As she leaned back on the banister outside the store's second-floor entrance waiting with the small crowd that had gathered, Nesteruk knew what she didn't want to buy.

"I was in New York over the weekend and there was an awful lot of black up there," she said. "That doesn't suit me."

She was in luck. The 120,000-square-foot, two-level store is full of color -- suits, dresses, hats, sweaters, pants, lipsticks and even Christmas ornaments in every shade of the rainbow.

Baltimore, meet Lord & Taylor. The 172-year-old specialty store known as "America's Dress Address" joins the ranks of Nordstrom's, Macy's and Hecht's as one of the city's shopping sensations.

And the introduction goes beyond White Marsh: The company will open a store in Annapolis Mall on Sept. 30 and in Owings Mills Town Center and The Mall in Columbia in early November.

Calvin Klein, Tommy Hilfiger, Liz Claiborne, Ralph Lauren, Estee Lauder and Donna Karan are the biggest names to grace the racks.

Although the store is bright and roomy, don't be expecting too much snazz. Lord & Taylor saves that for its biggest outlets -- on New York's Fifth Avenue and in posh Westchester County.

And if you're looking for Baltimore-themed merchandise, stay in the Inner Harbor. The only local item you'll find here is a Baltimore version of Monopoly for $24.95.

Lord & Taylor is in the same department-store tier as Bloomingdale's and Macy's, slightly lower than Nordstrom's and above Sears and JCPenney, according to Wayne Hood, a Prudential Securities analyst who studies Lord & Taylor's parent, May Co.

As customers entered the store, they were greeted by leggy models offering them the Lord & Taylor signature emblem: a long-stemmed red rose. And, of course, they had the opportunity to sign up right then and there for a store charge card.

At 20 minutes past 9, Brenda Jackson, 39, already had her arms full of suits, pants and dresses.

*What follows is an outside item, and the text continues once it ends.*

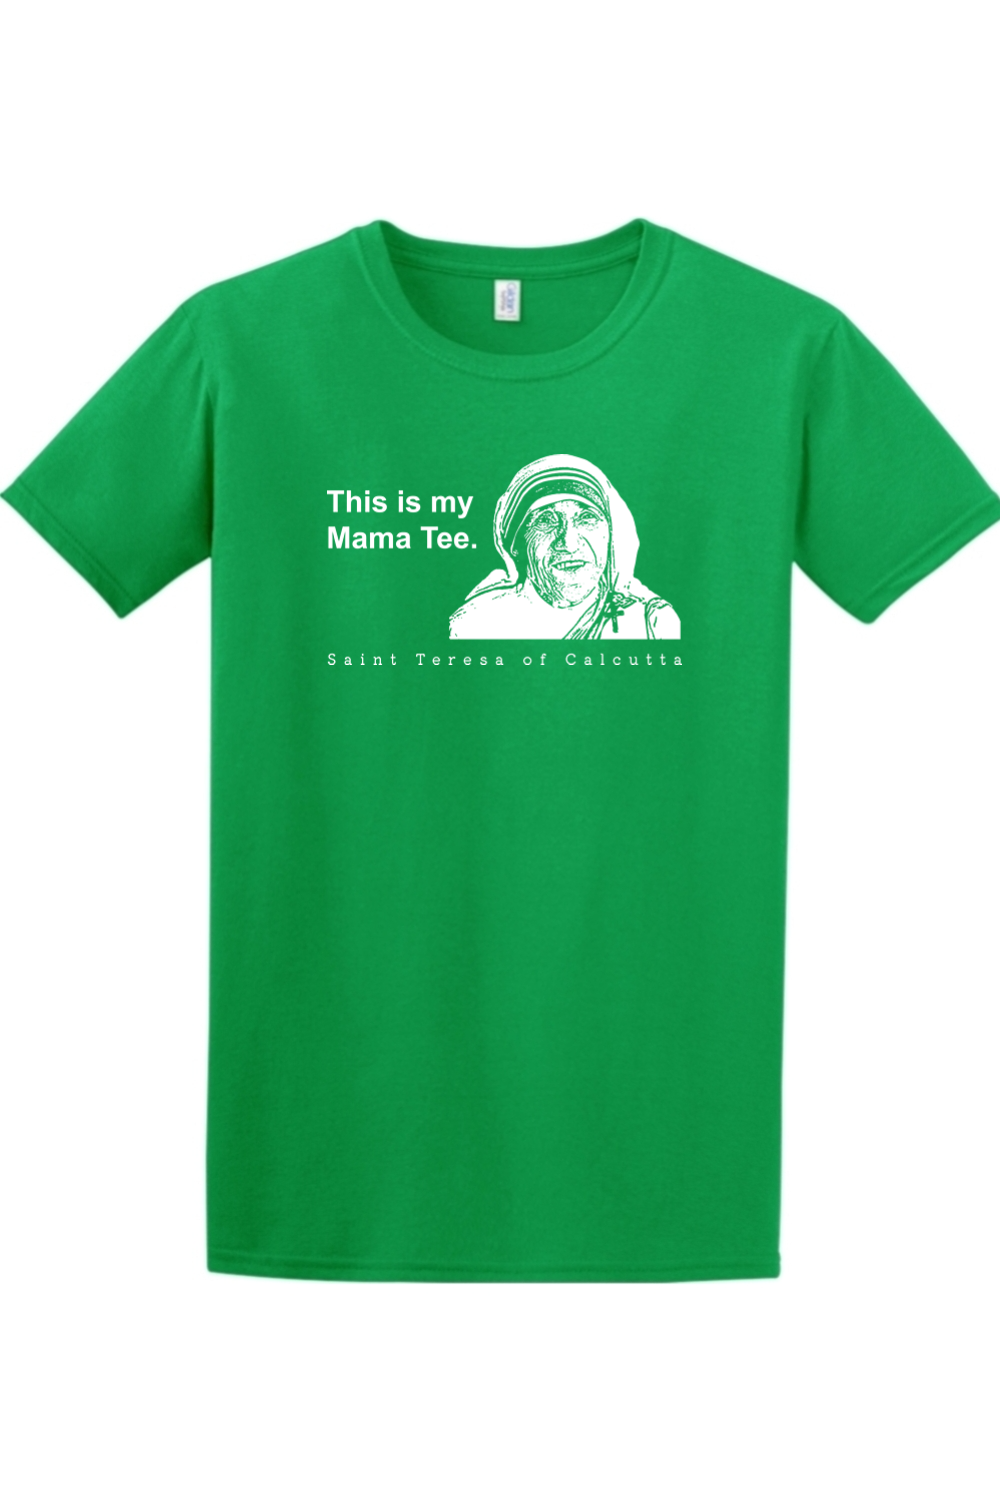 This is my Mama Tee - St. Teresa of Calcutta T-Shirt

"I went to another [Lord & Taylor] department store last night in Rockville and I had my eye on some things," said the Laurel resident who works as a government administrator in Baltimore.

Asked what time she was expected at work, Jackson laughed and said "8 a.m."

But she explained that she took a little leave to check out the store, which is on the way to her office.

Over by the DKNY clothing, Sheila Lockhart was fingering tops and matching pants.

"I love to shop and I love Lord & Taylor," said the 36-year-old accountant from Aberdeen. "I'm so happy it's close now. I usually go to Delaware ... I've been waiting for this day."

A little bit later in the morning, Amon and Carolyn Burgee of Timonium stood by the fine-jewelry counter.

Carolyn had just picked out a sapphire and diamond wedding band as a gift for their 46th anniversary Sept. 24.

"We were anticipating the opening of the store and wanted to be here today," said Amon, who will turn 69 on his anniversary and is a retired employee of the state department of education.

"This is my favorite mall, there is a good combination of stores here," he said.

At the next jewelry counter was what seemed to be the store's priciest purchase -- a $32,400 pair of 18-carat gold and 6.4-carat diamond earrings.

Perhaps the honor for the cheapest item went to the miniature Lord & Taylor shopping-bag Christmas tree ornament, $3.50.

Though it was just nine days after Labor Day, and just under 100 shopping days until Christmas, the store was decorated with 10 trees, all lit and trimmed, ornaments, snow globes and Santa Claus dolls dancing and wiggling in tune with "Jingle Bell Rock." The early festoonery seemed not to annoy anyone.

"I love Christmas," said Rhonda Utz, 37, who was shopping near the trees with her sons Tyler, 3, and Garrett, 16 months, and her Forest Hill neighbor Nonie Czajka, 46. "I love to see it year-round."

Utz, who was on the hunt for household goods, stood by her double stroller as Czajka checked out the nutcrackers for sale.

The boys entertained themselves with the roses, swinging them like bats and pulling out all the petals.

"I usually take them shopping," she said. "They've been shopping since they were born."

In the kids department, Megan Farmer was having the time of her life as she danced, hugged and jumped on the costumed Arthur the Aardvark, the TV and book character, who was on hand to meet and greet children.

"This is why I came," said Cathy Pielert of Essex, motioning to her 4-year-old granddaughter. "Because she loves Arthur."

As Megan relentlessly kissed, pounded on and boogied with Arthur, her grandmother snapped pictures.

"He's pretty cool," Megan said. "I like him so much."

"I hope we get to leave here," her grandmother replied, smiling.